I have a pandas dataframe with string values and I would like to be able to return a subset of the dataframe where the values contain some substring. This is easy to do on a series in this way (example adapted from pandas documentation):
import pandas as pd
import numpy as np
s4 = pd.Series(['A', 'B', 'C', 'Aaba', 'Baca', np.nan, 'CABA', 'dog', 'cat'])

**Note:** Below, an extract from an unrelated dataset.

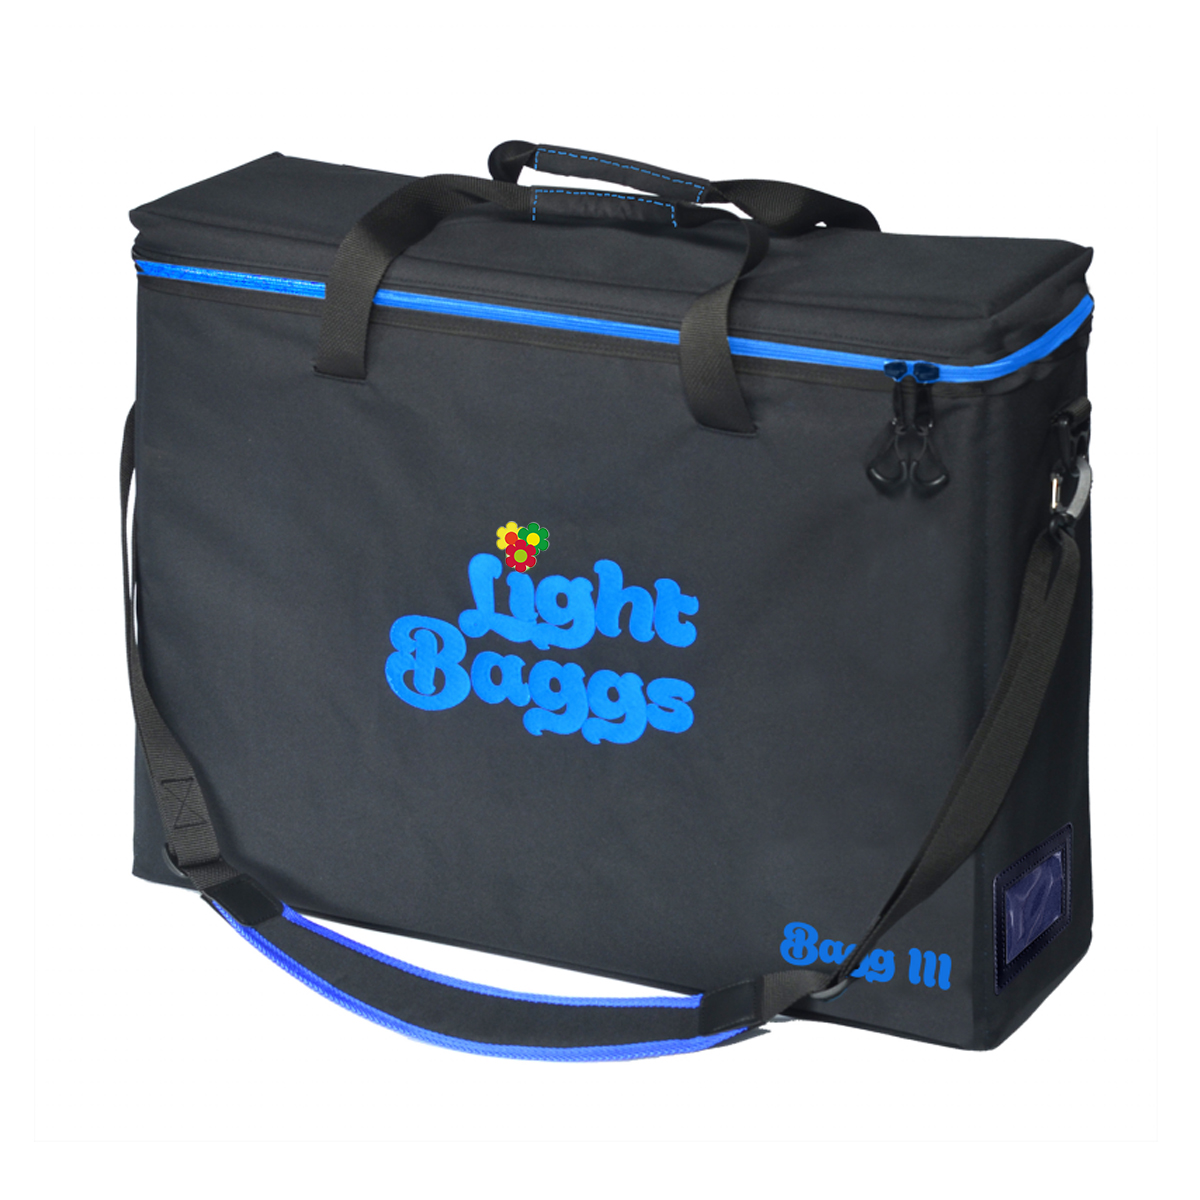 LightBaggs BAGG 3 mit Reißverschluss

s4[s4.str.contains('A', na=False)]
0 A
3 Aaba
6 CABA
dtype: object
I would expect searching for substrings in all the columns of a dataframe to work the same as for series, but there are no .str methods for dataframes. You can filter a dataframe for an exact match of a string like this:
df = pd.concat((s4, s4.shift(1)), axis=1)
0 1
0 A NaN
1 B A
2 C B
3 Aaba C
4 Baca Aaba
5 NaN Baca
6 CABA NaN
7 dog CABA
8 cat dog
filtered_df = df[df == 'Baca']
0 1
0 NaN NaN
1 NaN NaN
2 NaN NaN
3 NaN NaN
4 Baca NaN
5 NaN Baca
6 NaN NaN
7 NaN NaN
8 NaN NaN
result = df[df contains 'ac']
I would hope that would return the same thing as filtered_df = df[df == 'Baca']
but it's invalid syntax. I tried using df.apply to apply the series.str.contains method to each series of the dataframe. If that is a viable solution I wasn't able to work it out. I'm using python 3.5, and pandas 0.18 on Linux/Ubuntu.